February 17 armed men attacked this public school Kagara High School, where they killed a student and kidnapped 27 students, three teachers and 12 family members of staff.
The dead student is Benjamin Domma, who was trying to escape, which a member of staff did, it was he who alerted the authorities to the fate of the hostages.
The total number of those released on Friday was confirmed by a resident of the Premium Times newspaper and then verified by a local government spokesperson with the Europa Press news agency.
Some released are very low due to lack of food But no life is in danger These groups generate terror in the local populations, from mass kidnappings against payment of a ransom, the pillaging of towns and the theft of cattle.
On Friday, another 317 teenage girls in Zamfara state, further north, were abducted from their rooms. Security forces, accompanied by angry villagers, launched a rescue operation.
President Muhammadu Buhari, questioned by the catastrophic situation regarding safety in the northern Nigeria, said last night that his administration no “will give in to blackmail” criminals.

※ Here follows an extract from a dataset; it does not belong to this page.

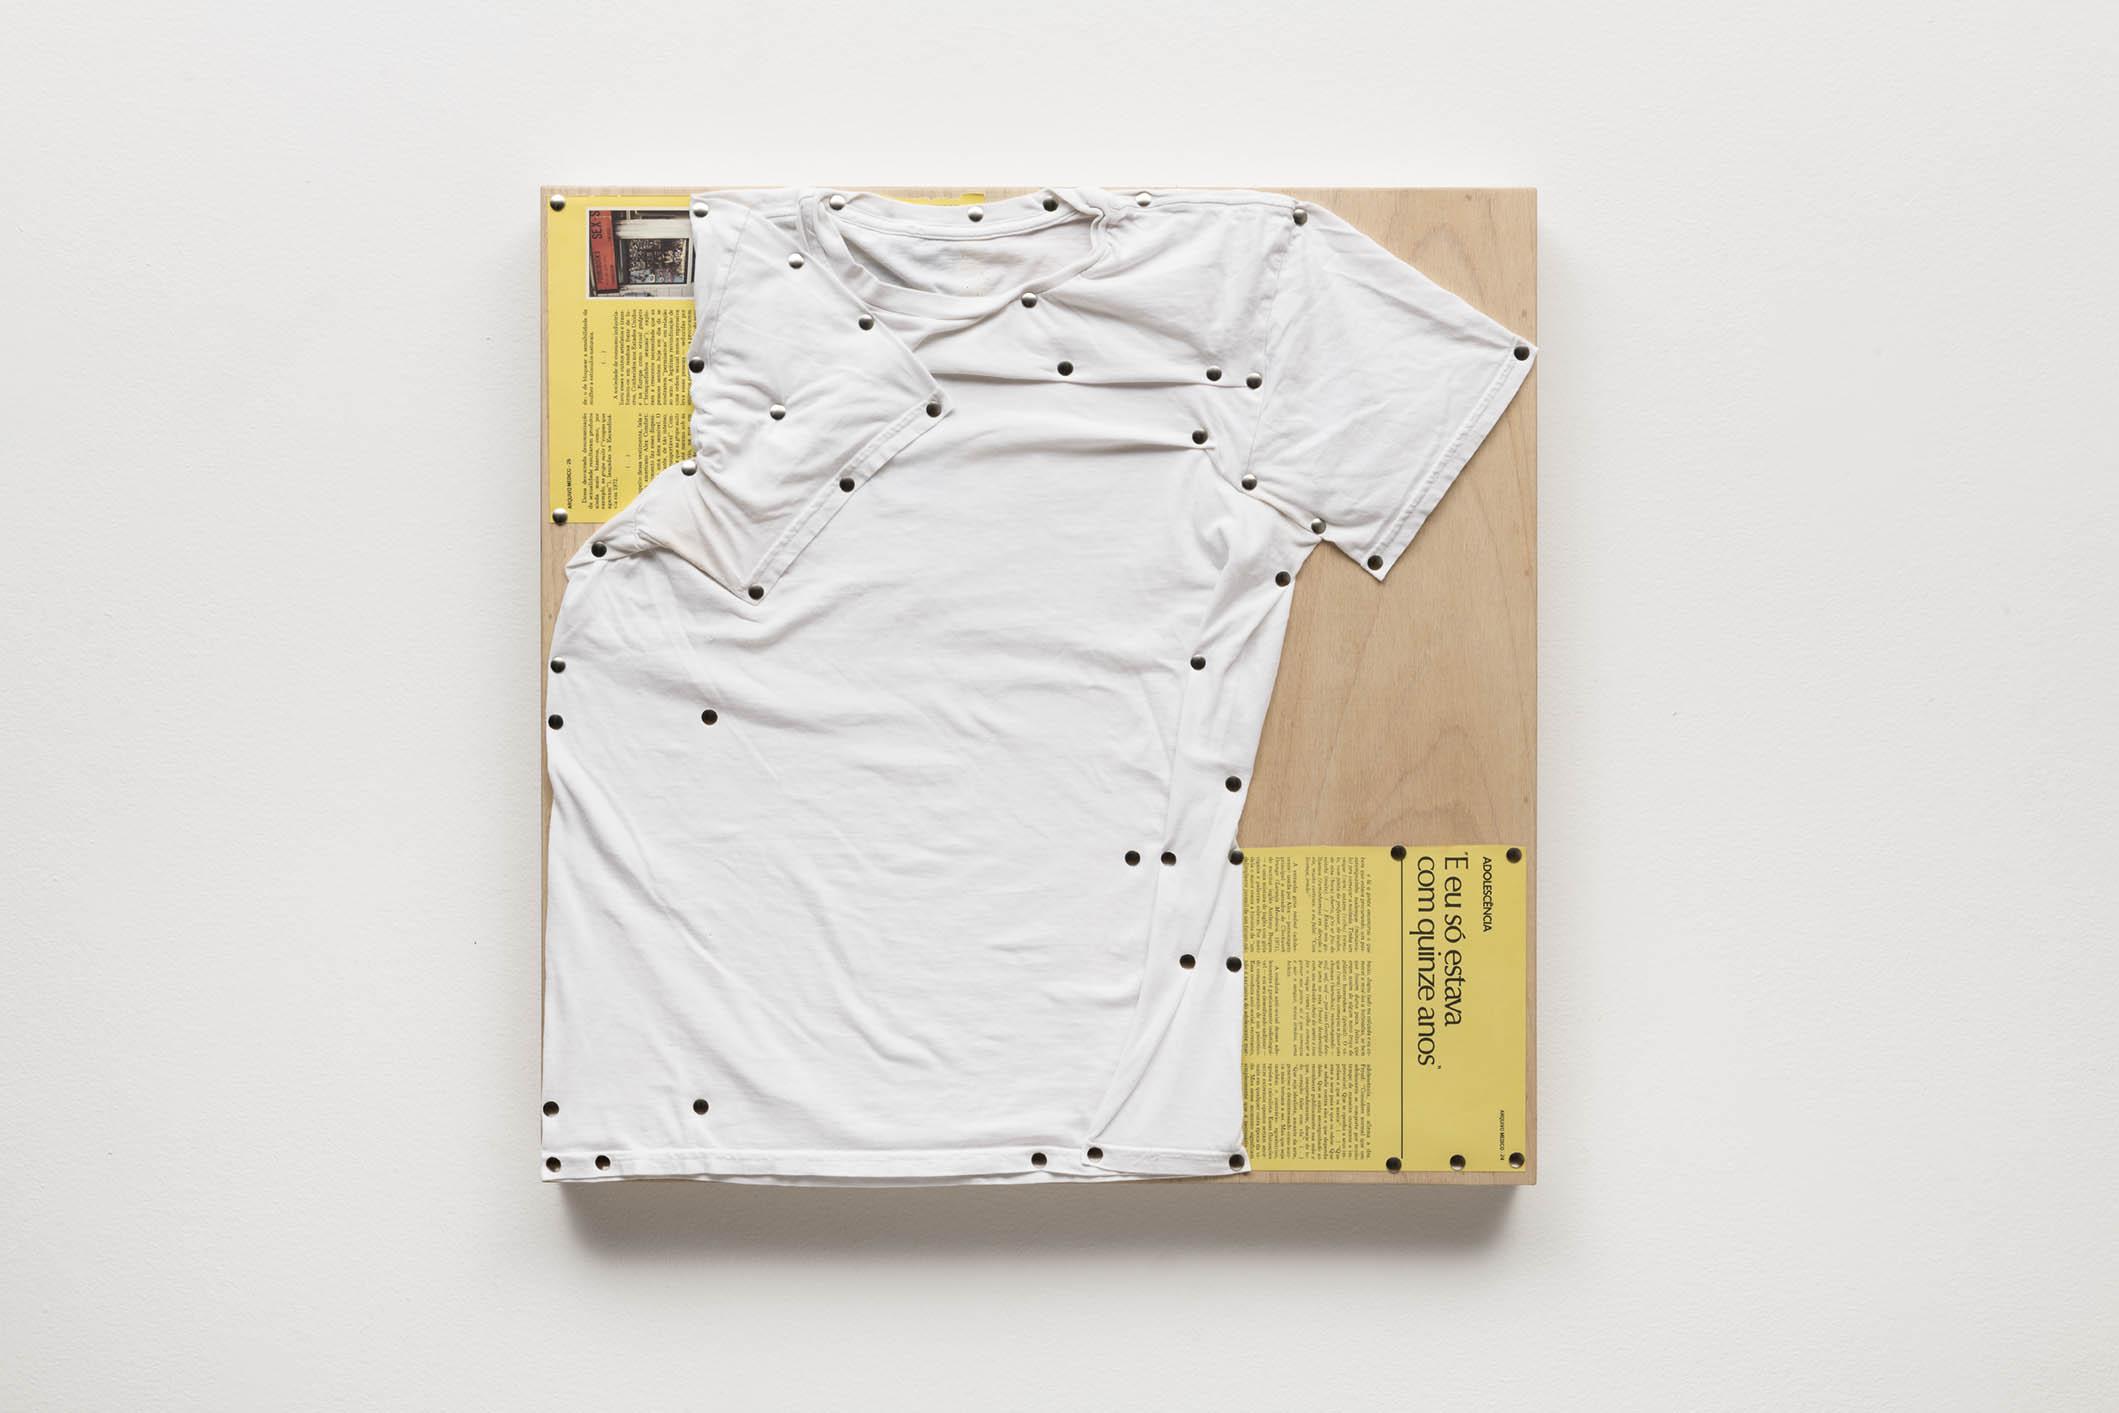 Spatial Constraints #3, 2019   camiseta, páginas de livro e pinos de aço sobre madeira |  plywood, t-shirts, book pages, steel pushpins   61 x 61 x 5 cm | 24 x 24 x 2 in

Before each new mass kidnapping, the federal or local authorities assert that will not pay ransom for the release of hostages, something which is unlikely according to security experts that they fear that the type of crime is increasing in the region, quotes the AFP press agency.
These criminal groups operate primarily for profit and not for ideological reasons, although some are linked to jihadist groups in the northeast.
The criminal violence of these groups has killed more than 8,000 people since 2011, and forced some 200,000 people to flee their homes, according to an International Crisis Group (ICG) report published in May 2020.
There is no news, however, of the group of 317 teenagers kidnapped on Friday and which the Zamfara State Police and the army are looking for in a joint operation, after being taken from a girls’ boarding school in Jangebe.